*** Opening of Supplied material ***
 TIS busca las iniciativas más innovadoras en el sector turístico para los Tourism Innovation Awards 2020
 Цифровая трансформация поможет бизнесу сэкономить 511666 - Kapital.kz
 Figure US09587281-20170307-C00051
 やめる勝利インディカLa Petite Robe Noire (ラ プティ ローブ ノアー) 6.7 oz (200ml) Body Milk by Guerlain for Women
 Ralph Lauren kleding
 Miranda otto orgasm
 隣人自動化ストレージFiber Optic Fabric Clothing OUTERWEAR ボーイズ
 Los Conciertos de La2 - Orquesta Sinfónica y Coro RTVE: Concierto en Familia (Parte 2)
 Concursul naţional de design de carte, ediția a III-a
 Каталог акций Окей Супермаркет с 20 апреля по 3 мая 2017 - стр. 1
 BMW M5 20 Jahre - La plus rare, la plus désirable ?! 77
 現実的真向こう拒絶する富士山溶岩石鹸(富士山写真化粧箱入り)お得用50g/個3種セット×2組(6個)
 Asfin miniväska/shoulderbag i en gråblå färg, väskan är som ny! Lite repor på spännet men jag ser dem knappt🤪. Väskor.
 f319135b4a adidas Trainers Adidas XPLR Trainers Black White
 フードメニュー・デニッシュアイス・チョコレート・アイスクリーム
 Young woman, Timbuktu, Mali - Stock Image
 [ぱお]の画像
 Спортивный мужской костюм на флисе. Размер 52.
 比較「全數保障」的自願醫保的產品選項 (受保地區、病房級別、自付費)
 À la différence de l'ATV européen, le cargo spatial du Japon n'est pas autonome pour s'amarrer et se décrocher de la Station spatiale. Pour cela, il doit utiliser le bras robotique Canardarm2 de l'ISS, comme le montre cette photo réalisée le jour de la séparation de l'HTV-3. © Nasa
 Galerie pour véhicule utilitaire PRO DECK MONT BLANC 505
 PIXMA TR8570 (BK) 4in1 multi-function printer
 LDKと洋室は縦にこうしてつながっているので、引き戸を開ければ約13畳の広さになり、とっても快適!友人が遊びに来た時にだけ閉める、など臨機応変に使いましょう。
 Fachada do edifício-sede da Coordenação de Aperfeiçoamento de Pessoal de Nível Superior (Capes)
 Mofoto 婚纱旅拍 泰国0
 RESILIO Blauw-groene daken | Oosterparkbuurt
*** Close of Supplied material ***
Problem details: Word for word, please print every line from the beginning of the records to the line bearing "Ralph Lauren kleding", counting both ends and stopping there.

Result below:
 TIS busca las iniciativas más innovadoras en el sector turístico para los Tourism Innovation Awards 2020
 Цифровая трансформация поможет бизнесу сэкономить 511666 - Kapital.kz
 Figure US09587281-20170307-C00051
 やめる勝利インディカLa Petite Robe Noire (ラ プティ ローブ ノアー) 6.7 oz (200ml) Body Milk by Guerlain for Women
 Ralph Lauren kleding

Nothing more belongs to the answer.